Below are the records; repeat them in full, exactly.

*Extracted data entries*
= = = =
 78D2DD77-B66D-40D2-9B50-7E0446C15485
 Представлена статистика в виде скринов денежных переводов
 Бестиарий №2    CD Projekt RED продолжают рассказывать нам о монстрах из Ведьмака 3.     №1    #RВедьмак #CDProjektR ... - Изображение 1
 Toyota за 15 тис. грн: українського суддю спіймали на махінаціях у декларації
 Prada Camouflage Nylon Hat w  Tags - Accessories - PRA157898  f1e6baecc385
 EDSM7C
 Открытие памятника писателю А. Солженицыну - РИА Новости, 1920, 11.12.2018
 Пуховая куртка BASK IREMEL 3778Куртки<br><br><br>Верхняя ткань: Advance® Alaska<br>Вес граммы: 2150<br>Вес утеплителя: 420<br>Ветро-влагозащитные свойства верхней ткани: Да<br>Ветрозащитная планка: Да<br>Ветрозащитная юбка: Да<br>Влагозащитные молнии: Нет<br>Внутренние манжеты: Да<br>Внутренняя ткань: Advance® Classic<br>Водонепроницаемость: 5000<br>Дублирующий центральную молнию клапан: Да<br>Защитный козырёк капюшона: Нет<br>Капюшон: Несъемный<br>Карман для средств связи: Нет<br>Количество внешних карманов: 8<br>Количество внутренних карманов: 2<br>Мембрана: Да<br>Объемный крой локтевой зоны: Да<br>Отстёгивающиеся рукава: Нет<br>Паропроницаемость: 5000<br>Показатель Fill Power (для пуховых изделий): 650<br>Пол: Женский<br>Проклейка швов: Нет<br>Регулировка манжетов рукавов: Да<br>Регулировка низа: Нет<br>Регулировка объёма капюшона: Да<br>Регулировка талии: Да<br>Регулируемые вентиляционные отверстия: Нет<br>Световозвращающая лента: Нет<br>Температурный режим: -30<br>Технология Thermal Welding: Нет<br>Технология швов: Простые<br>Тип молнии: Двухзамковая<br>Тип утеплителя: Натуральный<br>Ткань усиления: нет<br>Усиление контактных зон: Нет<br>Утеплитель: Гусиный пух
= = = =
*Answer to this problem*
 78D2DD77-B66D-40D2-9B50-7E0446C15485
 Представлена статистика в виде скринов денежных переводов
 Бестиарий №2    CD Projekt RED продолжают рассказывать нам о монстрах из Ведьмака 3.     №1    #RВедьмак #CDProjektR ... - Изображение 1
 Toyota за 15 тис. грн: українського суддю спіймали на махінаціях у декларації
 Prada Camouflage Nylon Hat w  Tags - Accessories - PRA157898  f1e6baecc385
 EDSM7C
 Открытие памятника писателю А. Солженицыну - РИА Новости, 1920, 11.12.2018
 Пуховая куртка BASK IREMEL 3778Куртки<br><br><br>Верхняя ткань: Advance® Alaska<br>Вес граммы: 2150<br>Вес утеплителя: 420<br>Ветро-влагозащитные свойства верхней ткани: Да<br>Ветрозащитная планка: Да<br>Ветрозащитная юбка: Да<br>Влагозащитные молнии: Нет<br>Внутренние манжеты: Да<br>Внутренняя ткань: Advance® Classic<br>Водонепроницаемость: 5000<br>Дублирующий центральную молнию клапан: Да<br>Защитный козырёк капюшона: Нет<br>Капюшон: Несъемный<br>Карман для средств связи: Нет<br>Количество внешних карманов: 8<br>Количество внутренних карманов: 2<br>Мембрана: Да<br>Объемный крой локтевой зоны: Да<br>Отстёгивающиеся рукава: Нет<br>Паропроницаемость: 5000<br>Показатель Fill Power (для пуховых изделий): 650<br>Пол: Женский<br>Проклейка швов: Нет<br>Регулировка манжетов рукавов: Да<br>Регулировка низа: Нет<br>Регулировка объёма капюшона: Да<br>Регулировка талии: Да<br>Регулируемые вентиляционные отверстия: Нет<br>Световозвращающая лента: Нет<br>Температурный режим: -30<br>Технология Thermal Welding: Нет<br>Технология швов: Простые<br>Тип молнии: Двухзамковая<br>Тип утеплителя: Натуральный<br>Ткань усиления: нет<br>Усиление контактных зон: Нет<br>Утеплитель: Гусиный пух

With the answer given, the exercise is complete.